Member of the Nebraska Legislature from the 21st district
- In office January 6, 1993 – January 7, 2009
- Preceded by: Richard Peterson
- Succeeded by: Ken Haar

Personal details
- Born: February 21, 1945 (age 81) North Platte, Nebraska
- Party: Republican
- Spouse: Larry Hudkins ​(m. 1964)​
- Children: 2
- Education: University of Nebraska–Lincoln
- Occupation: Farmer, medical transcriptionist

= Carol Hudkins =

American politician (born 1945)

Carol Hudkins (born February 21, 1945) is a Republican politician from Nebraska who served as a member of the Nebraska Legislature from the 21st district from 1993 to 2009.

==Early life and career==

Hudkins was born in North Platte, Nebraska. She graduated from high school in Waverly, then attended the University of Nebraska. She married Larry Hudkins in 1964; the couple farmed near Malcolm, and Hudkins worked as a medical transcriptionist. She was elected to the Malcolm school board, and served as its chair.

==Legislative elections==

In 1992, Hudkins ran for the Nebraska Legislature from District 21, which then consisted of parts of Lancaster, Saunders, and Sarpy Counties. In the nonpartisan primary election, she placed first of five candidates, with 31.7% of the vote to Bill Sapp's 28.3%. As the top two vote-getters, she and Sapp moved on to the general election, which Hudkins won with 57% of the vote to Sapp's 43%.
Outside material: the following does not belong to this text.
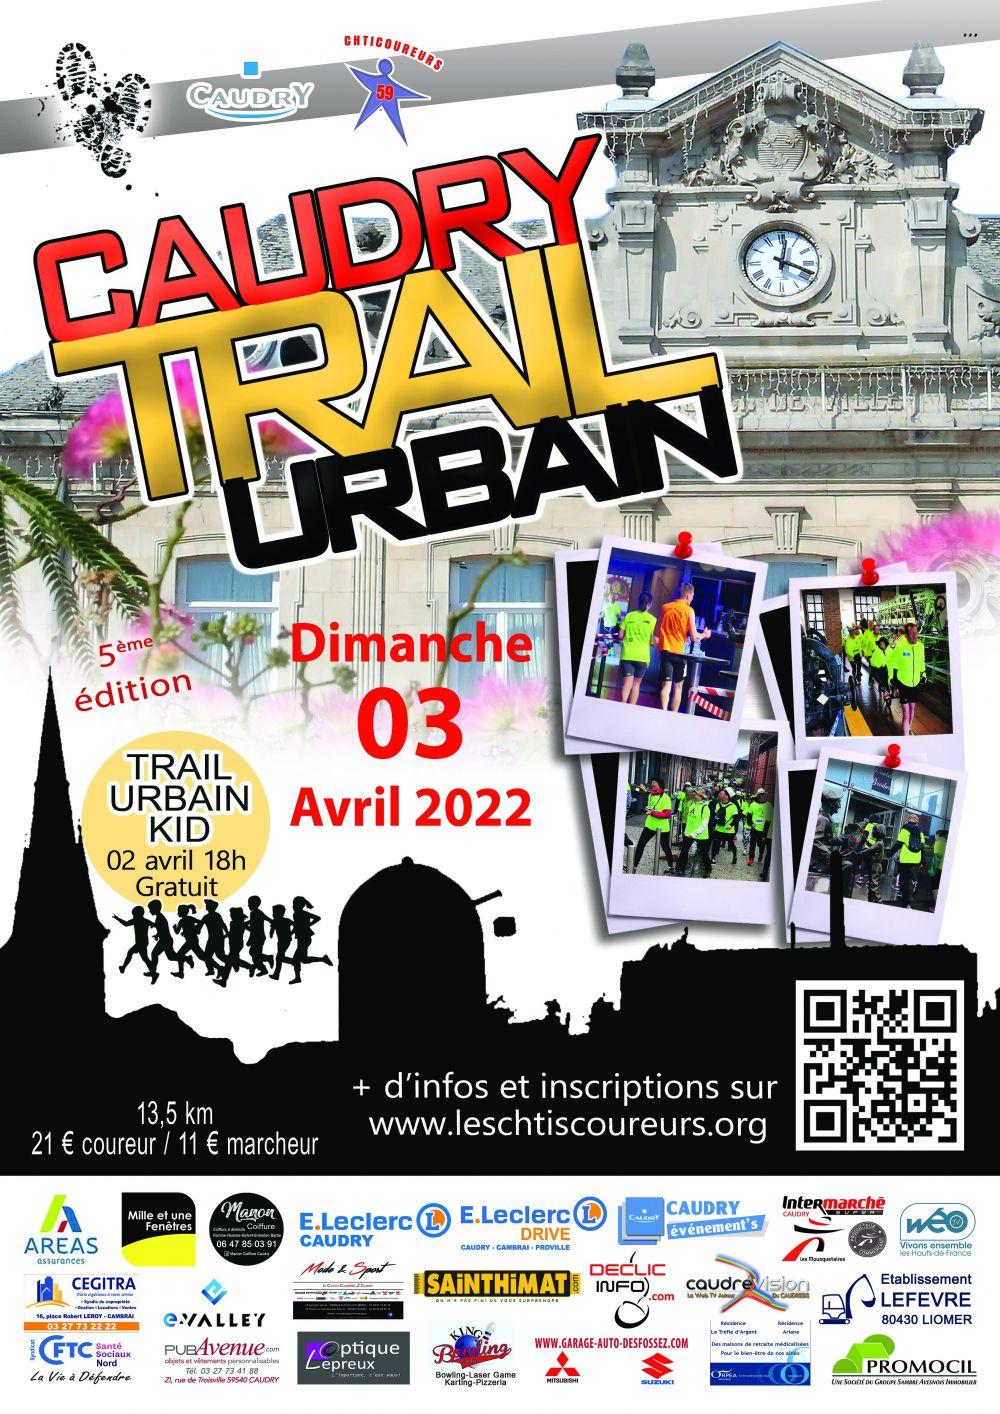 Caudry trail urbain 5eme edition 0

In 1996, Hudkins defended her seat from a challenge by Carol Yoakum and Dale McClure, both of Lincoln. In the primary, Hudkins took 59.3% of the vote; Yoakum, 27.3%; and McClure, 13.4%. In the general election, Hudkins received 64.3% of the vote to Yoakum's 35.4%.

Hudkins ran unopposed for re-election to her seat in the legislature in 2000, and again in 2004.

In 2000, Nebraska voters passed a term-limits amendment to the state's constitution, under which state legislators could serve no more than two terms consecutively. This rendered Hudkins ineligible to run for re-election in 2008, in which year she announced her retirement.

==Legislative career==

During her tenure in the Legislature, Hudkins served on the Rules Committee, of which she was chairperson; the Natural Resources Committee, of which she was vice-chairperson; the Judiciary Committee, of which she was vice-chairperson; the Agriculture Committee; the General Affairs Committee; the Transportation and Telecommunications Committee; and the Executive Board.

In the Legislature, Hudkins proposed a bill to license and regulate acupuncturists so that they could practice in Nebraska; the measure passed in 2001.

Hudkins also sponsored legislation to lower the legal blood-alcohol level for drivers from 0.10% to 0.08%. Recently passed federal legislation that withheld highway funds from states that failed to adopt the lower limit played a role in the passage of the measure.